He cracks his neck and gets to work.
~
The two boys are gone on his way to work the next day, but they're back again at night on his way home. The pattern repeats for the entire week, and Brendon can't help watching the progression of time begin to show in their dirty, wrinkled clothes and greasy hair and pale, drawn faces. Every day, he gets a little more anxious just looking at them - their clothes are too expensive, their backpacks too tempting, no matter how tightly they guard them, and the pretty one...
Brendon remembers clearly a time when he was a good little Mormon boy who would never have known to think these kinds of thoughts. It feels like a long, long time ago.
It finally happens on Friday. Brendon doesn't see it happen or anything, but they're not under the bridge on his way home from work that night, and his good mood - (he's scheduled off for two days in a row, and it's on an actual weekend!) - instantly transforms into a cold knot of tension in his stomach.

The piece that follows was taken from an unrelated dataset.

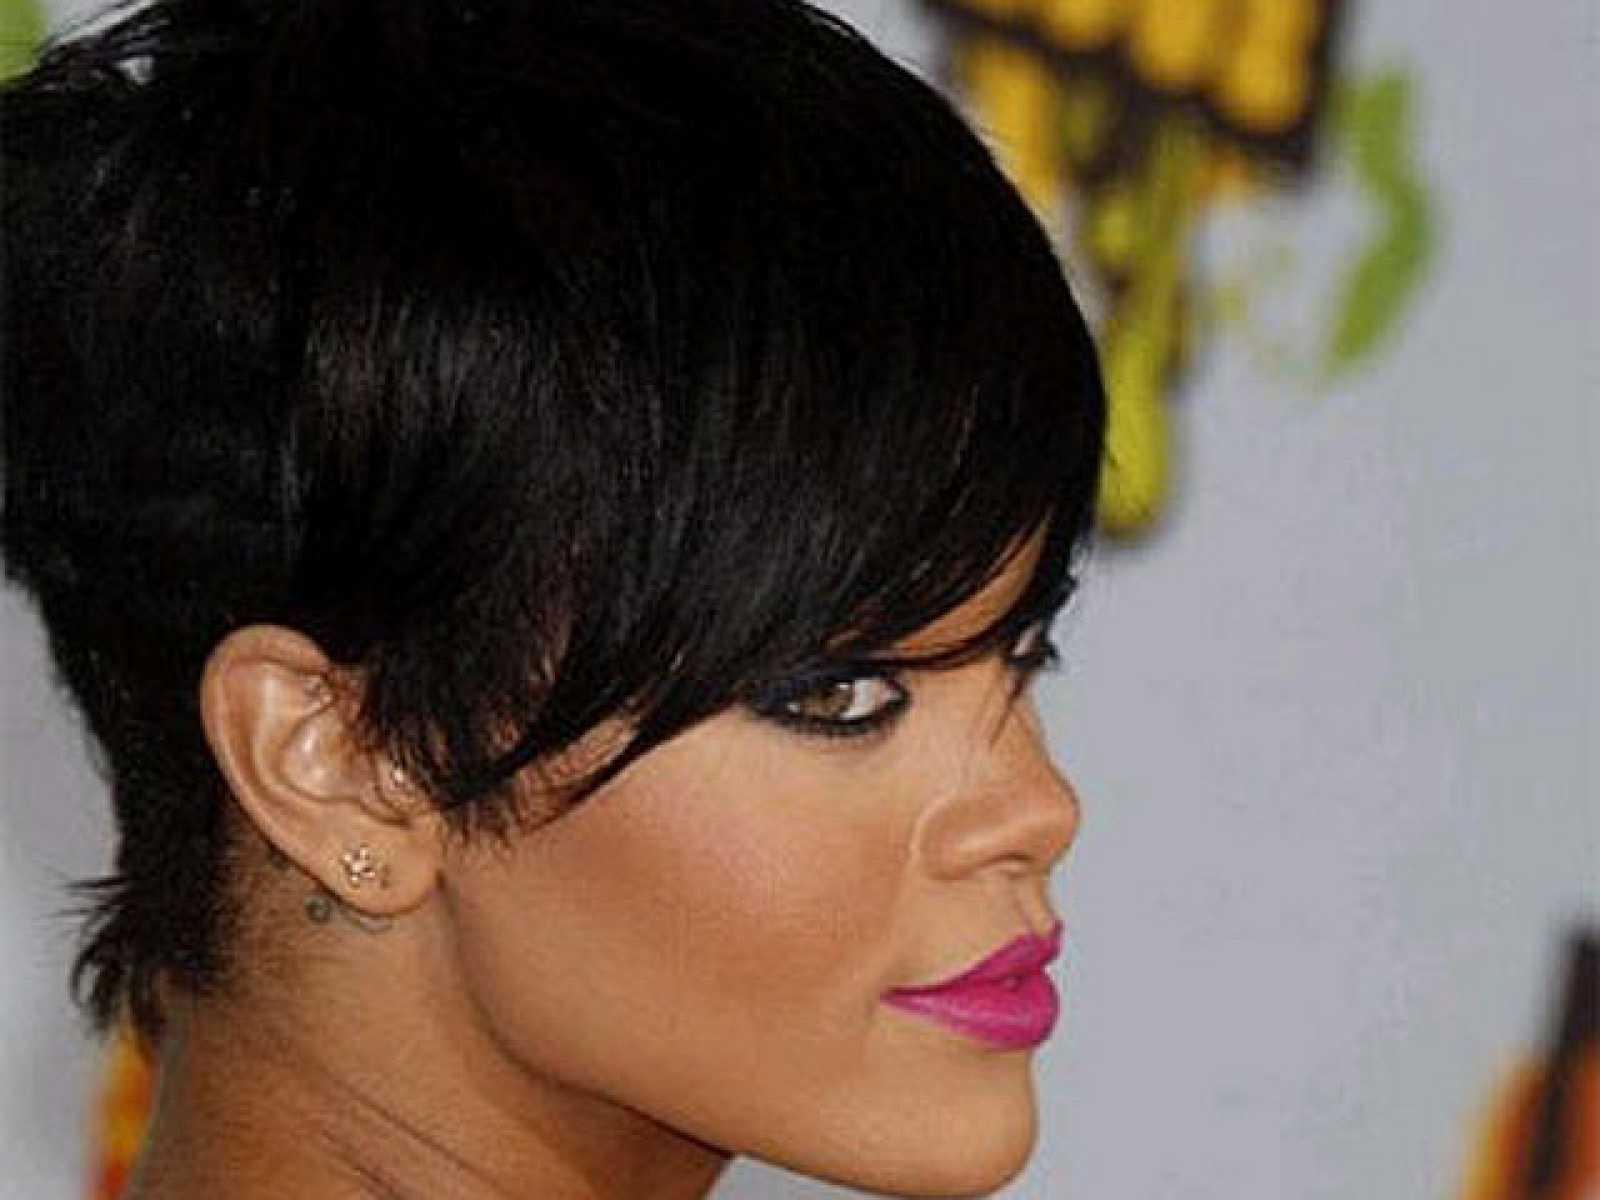 Perfil de la cantante Rihanna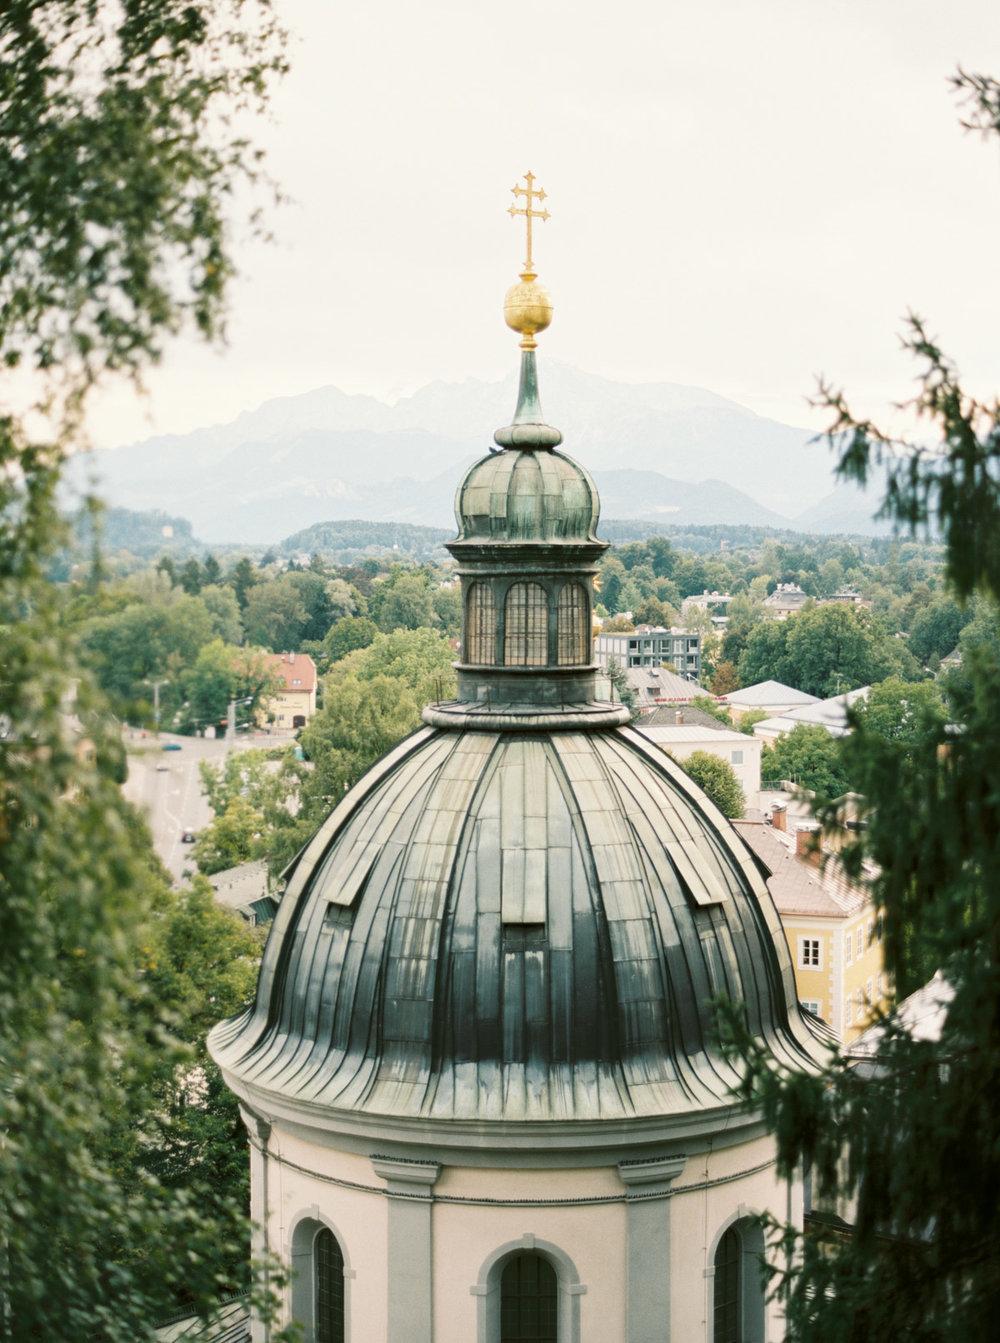 Historic Austria

He spots them trudging down the street just a block away from his apartment, and his stomach twists and churns with a sick combination of relief and horror when he gets a good look at them. The pretty one has a black eye and a split lip and is limping a little; the pointy one has a swollen jaw and streaks of blood down the side of his face from a nasty-looking cut at his temple. Neither of them has backpacks anymore.
It could have been worse, is the first thing Brendon thinks, noting distantly that their filthy clothes are still intact at least, so no one--
God. How is this even Brendon's brain?
He doesn't know he's going to stop in front of them until he does it, and then he isn't as surprised at himself as he should be. He doesn't really know what that means.
"I'm not a creep," is his stellar opening line, and when the pretty one instantly stiffens and glares at him through one good eye and one that's nearly swollen shut, he continues hastily. "I have a sink, is the thing. And ice. And Band-Aids."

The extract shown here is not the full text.